Based on the color, I'd use Meltonian Cognac cream. You could follow that with Kiwi tan wax.


----------



## Teacher (Mar 14, 2005)

Yes, as others have stated, start by using a good cream (colored or neutral) or a cream-like conditioner. There's a good chance that the leather's finish may be dry. After that, go ahead and use wax for protection.


----------



## Roger (Feb 18, 2005)

There are a couple of points that I'd like to comment on. URMarc, you noted in your opening post that you'd finish the process by spraying the shoes with a waterproofing substance (probably containing silicone). DON'T DO THIS. This stuff is not designed for dress shoes, but rather for hunting/hiking boots and the like to keep water out under rough conditions, and should never be used on good-quality calfskin shoes. Second, I have to respectfully disagree with CharlieChannel about using mink oil on dress shoes. I would never do this. Mink oil is another waterproofing agent used with boots worn under wet and adverse outdoor conditions, and was never meant for dress shoes. It will soak the leather and turn it darker and will defeat the purpose of the creams and wax polishes that are appropriate. 

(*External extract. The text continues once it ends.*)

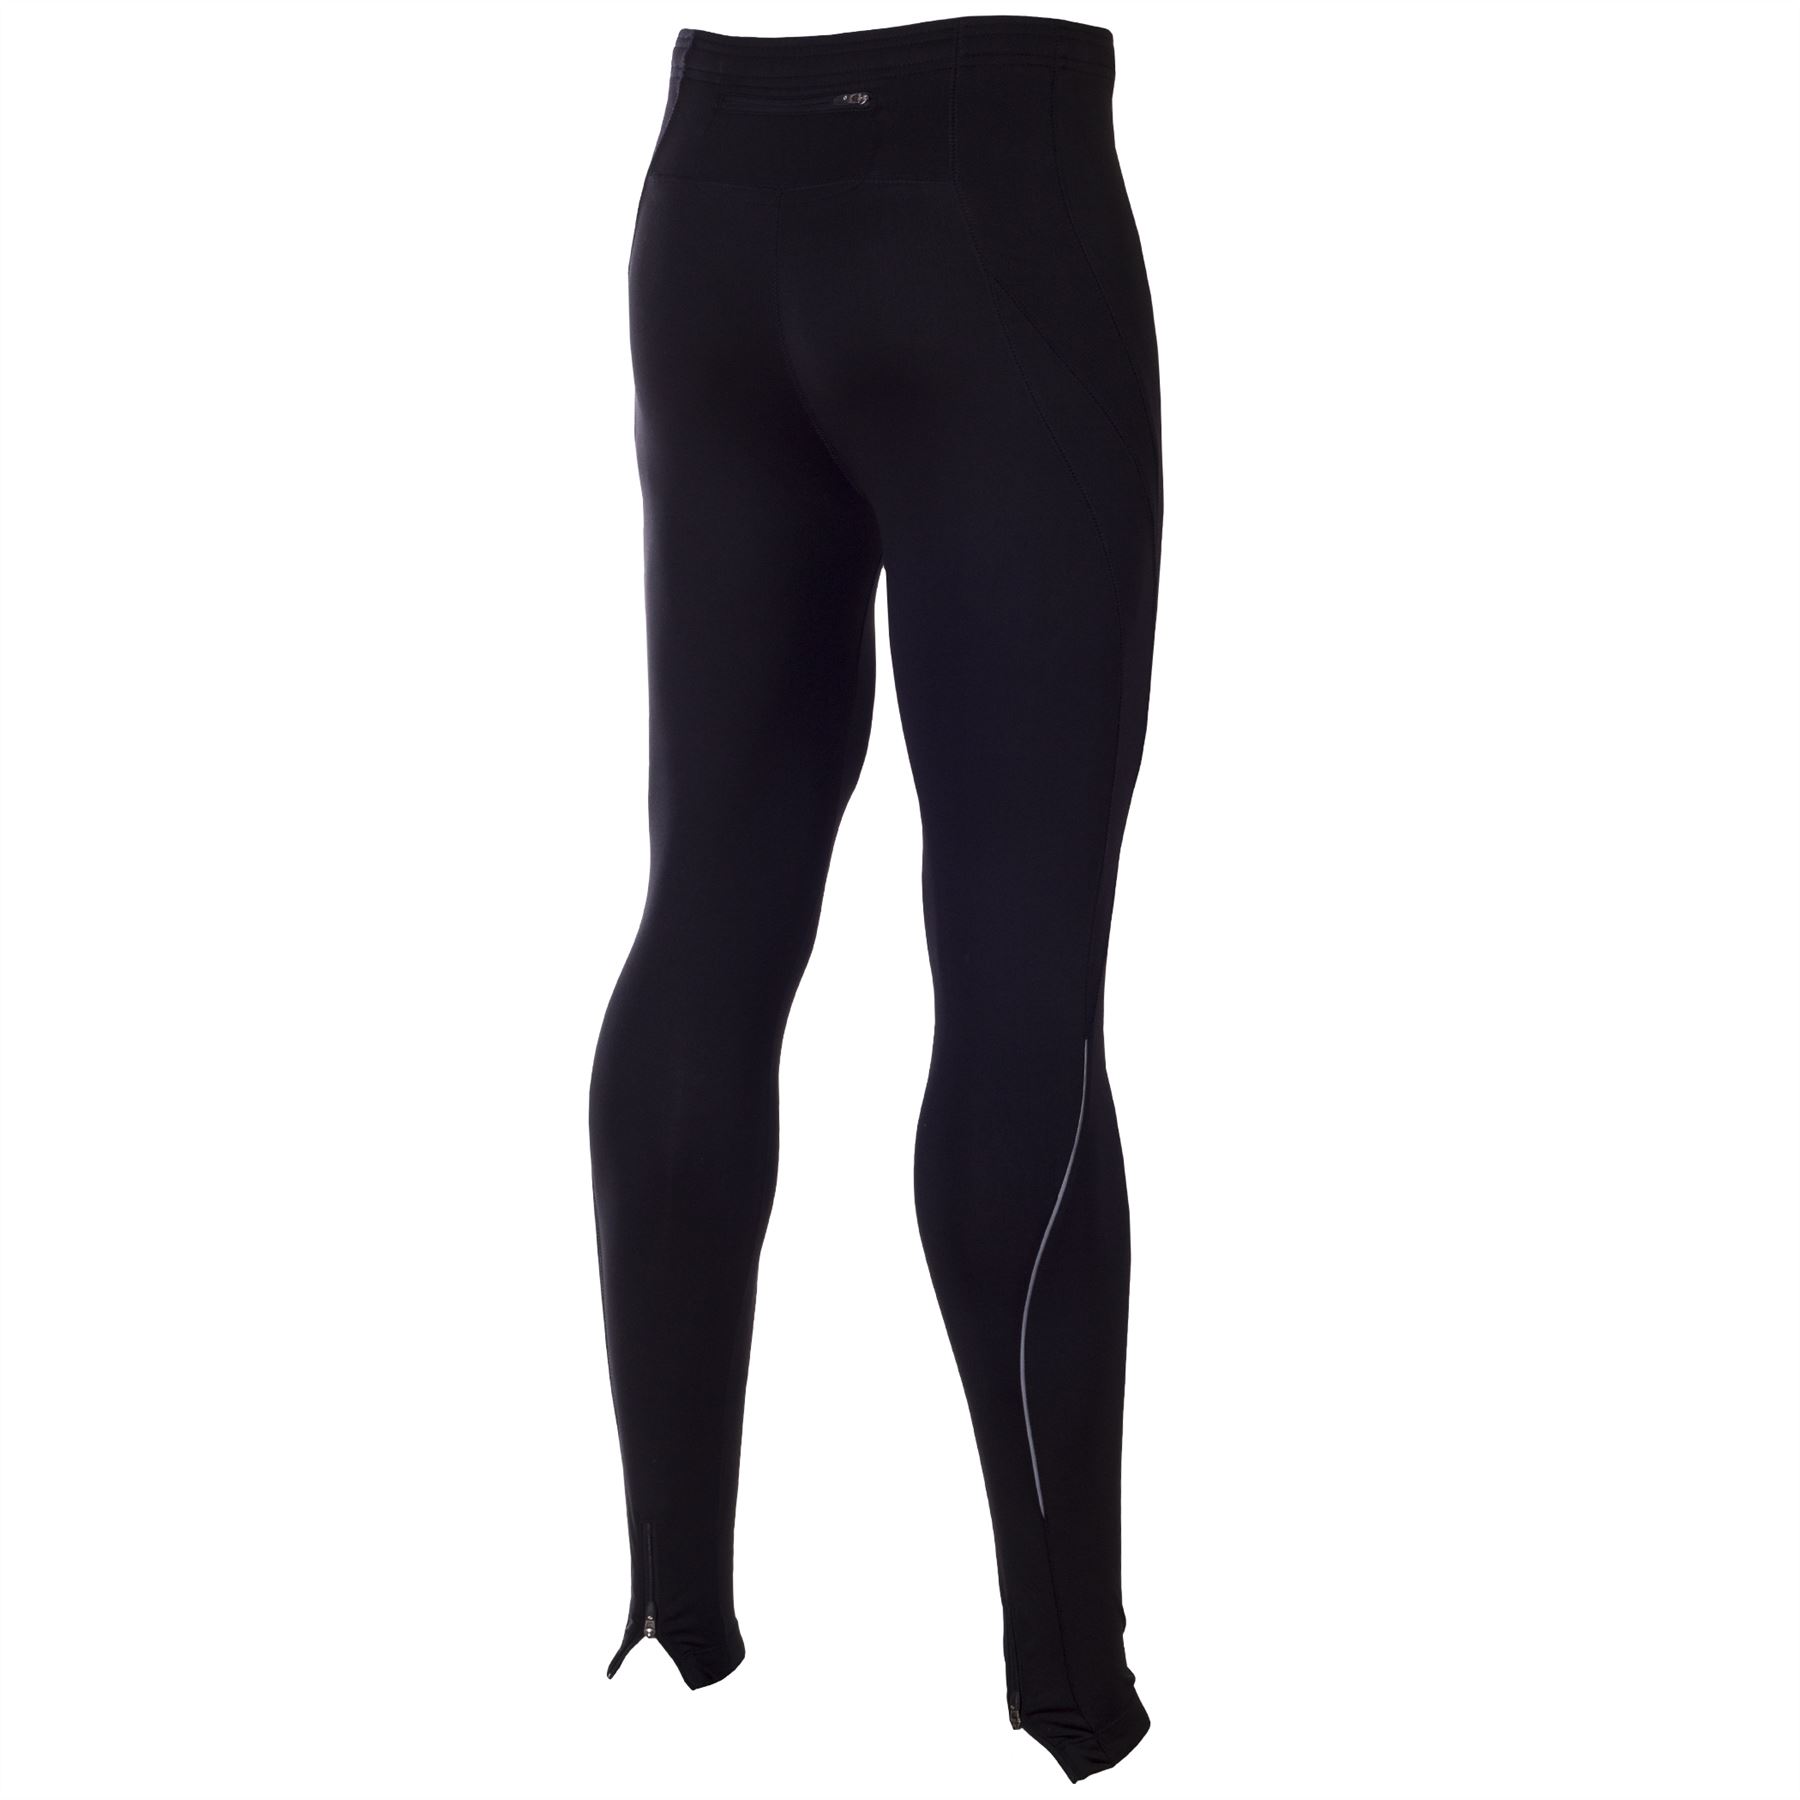 Soc Men's MRFC THS Tights Pants Black Fitness Gym Running Sports ...

Ron Rider pointed out to me a while back that we worry too much about waterproofing good-quality dress shoes. Leather is already pretty waterproof, and your shoes--particularly if welted--are not going to take on water. Nor is the quantity and character of rain water (unlike submerging the shoes in water) likely to damage the leather to any noticeable degree. You will get more than enough protection against the elements by following the advice given above by others and using cream and paste wax. I use cream first (in a shade just a touch lighter than the shoe color) to restore color to scuffs if necessary and to provide some moisturizing for the leather to keep it supple. I finish off with a coat of wax, again in a color as close as possible to that of the shoes, or just a touch lighter. For the kind of shine you want--and for the protection you want to provide--this is more than ample. If you do this every 5-6 wearings (and generally avoid wearing them on successive days), giving them a brief wipe-down with a cloth or brush between polishings to remove surface dirt, your shoes will last a long, long time and look good to the end.

Vancouver


----------



## URMarc (Apr 25, 2006)

Roger - thank you for your informative and well-thought-out post. 

I think I'm going to just go with the Neutral creme polish, which should provide plenty of protection and moisture for the leather. I'm very easy on my shoes, they never get particularly dirty, and I don't live in a rainy/snowy area. So, I'm thinking the least amount of "stuff" I have to put on these new shoes, the better. Thanks to all for the input.


----------